Compared to previous MRSA clone studies in Taiwan, which showed only four major infection isolate clones (ST239, ST59, ST241 and ST5) [22, 23], our study revealed more heterogeneous MSSA lineages. The major PFGE cluster of MSSA infection isolates included ST1, ST6, ST7, ST12, ST188, and ST97. However, these STs have not been reported in MRSA isolates in Taiwan [22, 23], indicating that most MSSA lineages have a different genetic background compared to MRSA lineages. Additionally, these MSSA STs differ from the most prevalent S. aureus STs worldwide . Interestingly, the only ST common to MSSA and MRSA [22, 23] in Taiwan is ST59, the representative community-associated MRSA clone . Our findings are consistent with those from several other countries, suggesting that MRSA probably originated from MSSA clones through SCCmec transfer . These results, plus findings from a world-wide MRSA collection study, point to MRSA evolution in relatively few lineages , which allowed some successful clones to cause disease or spread. Although not all published studies have shown clonal differences between nasal carriage and infection isolates , our study revealed clonal differences in MSSA infection and nasal carriage isolates. MSSA infection isolates’ distinctive lineages and erythromycin susceptibility, as well as faster growth rates, support the clones’ uniqueness to cause community-onset MSSA infection.
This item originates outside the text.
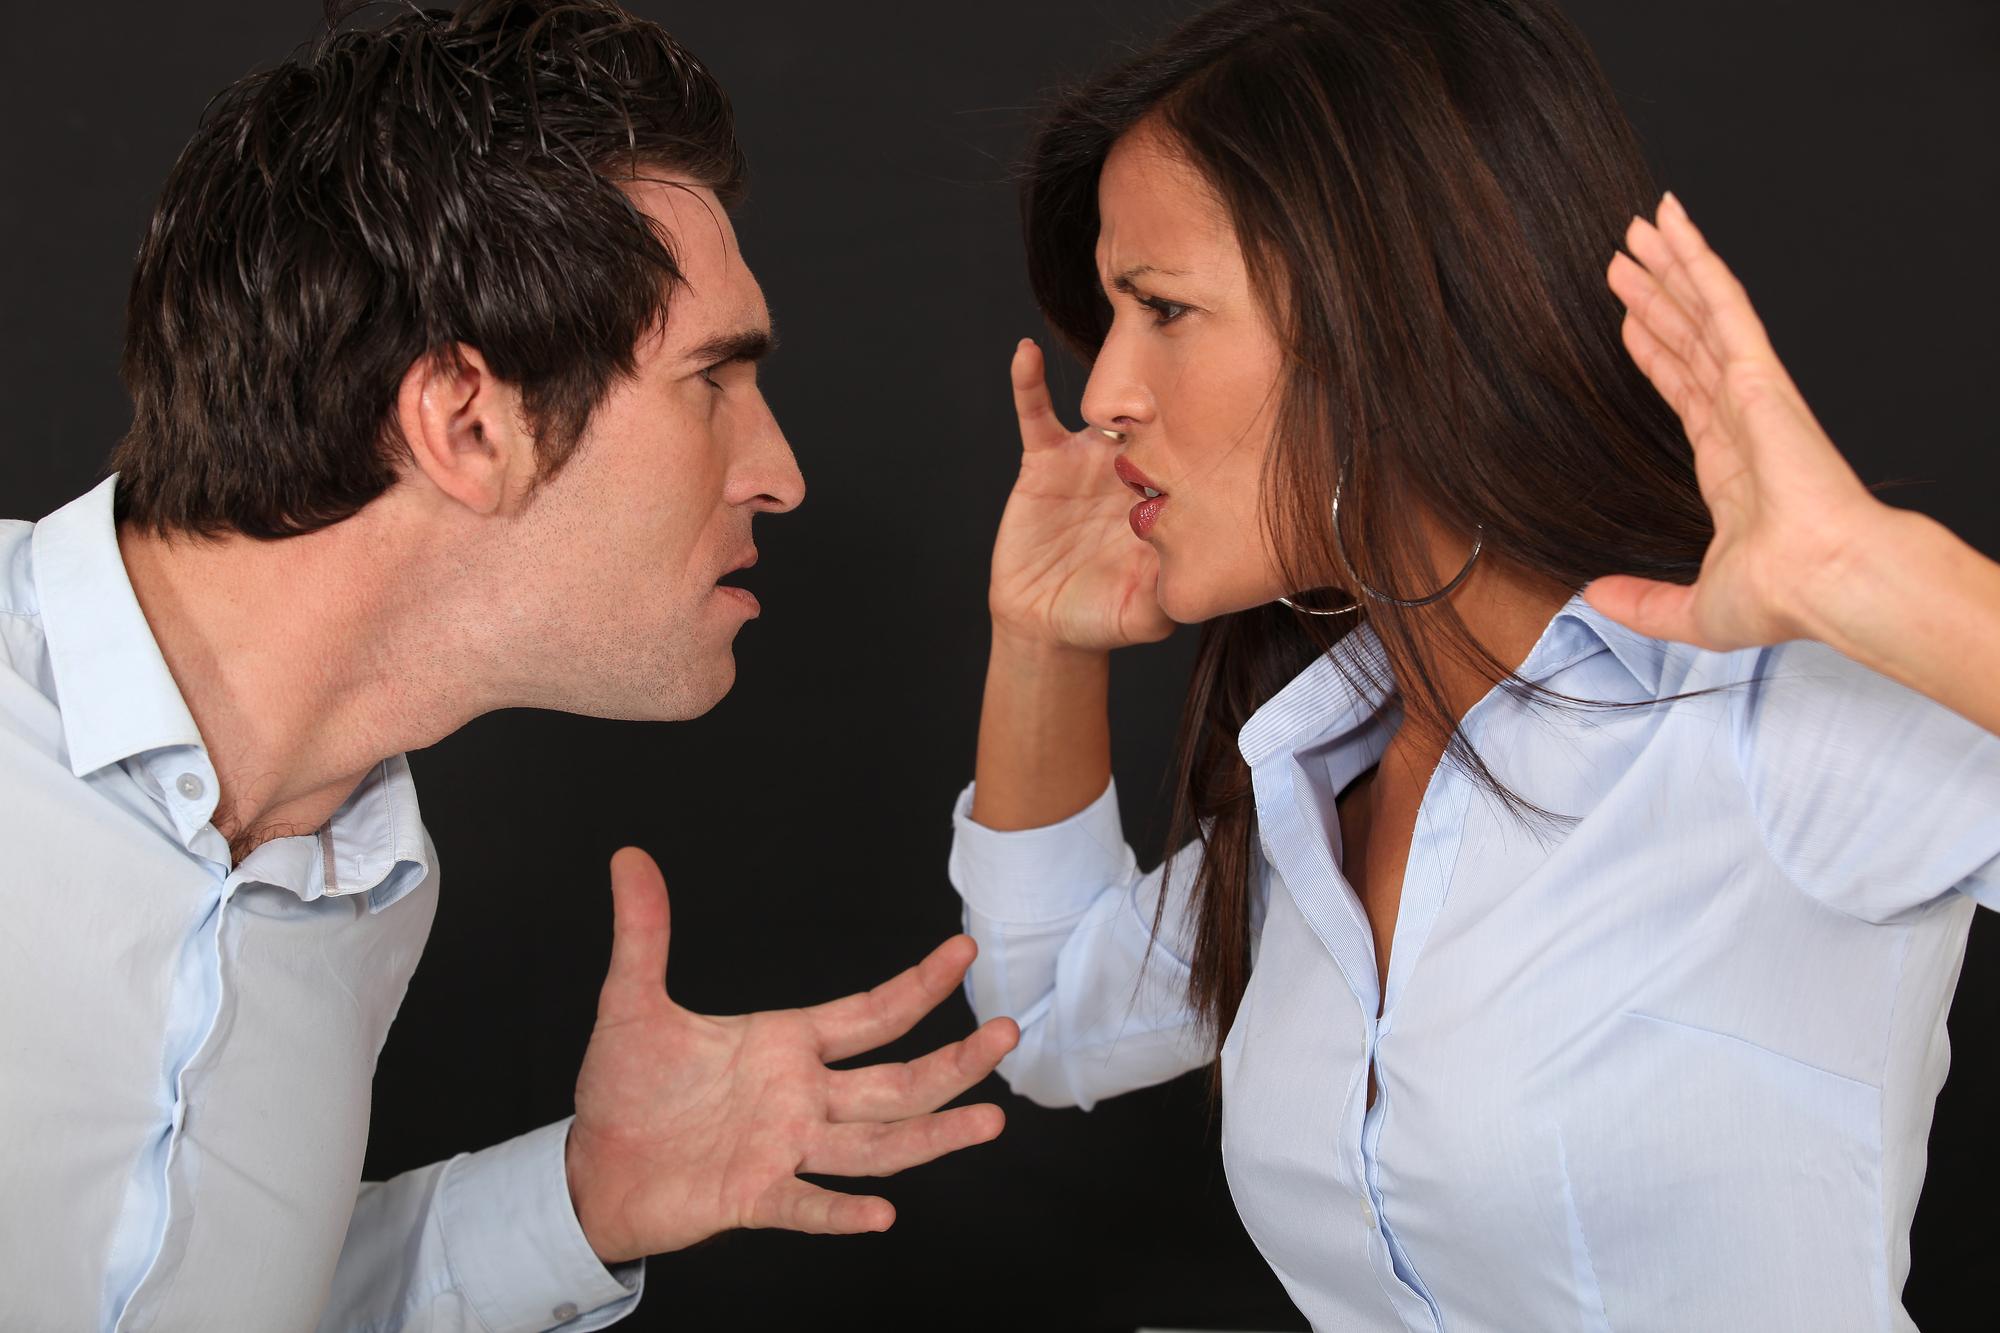 Qué pasa cuando presentas cargos por violencia doméstica

Our finding that STs and clinical manifestations did not differ between community-associated and healthcare-associated community-onset isolates is consistent with Peacock et al.’s findings . That team found little difference between strains associated with disease in both community and hospital settings, and suggested that bacterial factors play a role in determining invasive disease. In the present study, PFGE cluster D: CC1 (ST188) was the predominant clone in the community-onset MSSA infections. Our previous study also showed that this clone predominated among MSSA isolates from inpatients in a 2002 collection from four hospitals located in the north, middle, south, and east regions of Taiwan . These results indicated that the epidemiology of MSSA infection isolates did not change much between these two periods, with no difference noted in either community or hospital settings.
Using PFGE or BURP analysis of spa types, we identified a few lineages likely to cause infection. Most of these representative CCs have been described previously as “group violations”, with the highest degree of misclassification between BURP groups and clonal lineages [12, 28]. However, these isolates may have clinical relevance because of their close relationship with severe community-associated infection strains in humans (MSSA476 and MW2 (USA400)) and ocular conjunctival infection in rabbits (UMCR1). All of these isolates belong to CC1 [29–31], and their high virulence has been shown in animal models [30, 32].
To clarify the difference between the nasal carriage isolates and infection isolates, we also compared the virulence gene profiles and growth rates among isolates. Infection isolates grew faster than carriage isolates. This difference suggests that infection isolates have better proliferation ability to outcompete other clones in the host. Additionally, the LukE-LukD leukotoxin (lukE-lukD) and gamma variant hemolysin (hlg-2) genes were more prevalent in infection isolates. Although seven virulence genes (egc enterotoxin genes, tst and hlg) were more prevalent in nasal carriage isolates, only isolates with egc enterotoxin genes were associated with slower growth rates (P < 0.01). It is possible that egc enterotoxin genes pose a fitness burden to the strains, resulting in slowed growth rates. The egc enterotoxin genes have been observed to have low-level production and weak virulence effects [33–35]. Our results reveal an epidemiologic relationship between egc enterotoxin genes and growth rate; however, the cause-effect relationship cannot be established in this study. It has been reported that virulence gene profiles are strongly linked with S. aureus clonal lineages . Our nasal carriage isolates have uncommon STs, with most possessing the egc enterotoxin genes. Previous studies also showed such an epidemiological phenomenon in nasal carriage isolates [5, 36]. However, the role of the egc enterotoxin genes in nasal carriage isolates is not yet understood. The reason why our nasal carriage isolates have higher erythromycin resistance rates compared to community-onset infection isolates is also unclear.
Although the PVL genes have been considered a marker for community-acquired MRSA , we did not find that PVL presence was associated with community-onset MSSA infections. Goering et al. also failed to find this PVL association in a recent study .
agr, a global virulence gene regulator of S. aureus, is strongly linked with clonal lineages and some disease syndromes . agr group I isolates were prevalent in our study, as in a previous study . A similar distribution of agr group I was observed among nasal carriage (65%) and infection isolates (74%). agr types and PVL toxin genes were not useful in predicting infection MSSA isolates in the community setting.
Though only 34 infection isolates were analyzed, these isolates originated from two medical centers over a four-month period. The low MSSA isolate numbers result from a high rate of methicillin resistance among S. aureus in Taiwan during the study period [6, 22]. Also, only community-onset MSSA isolates were collected for the present study.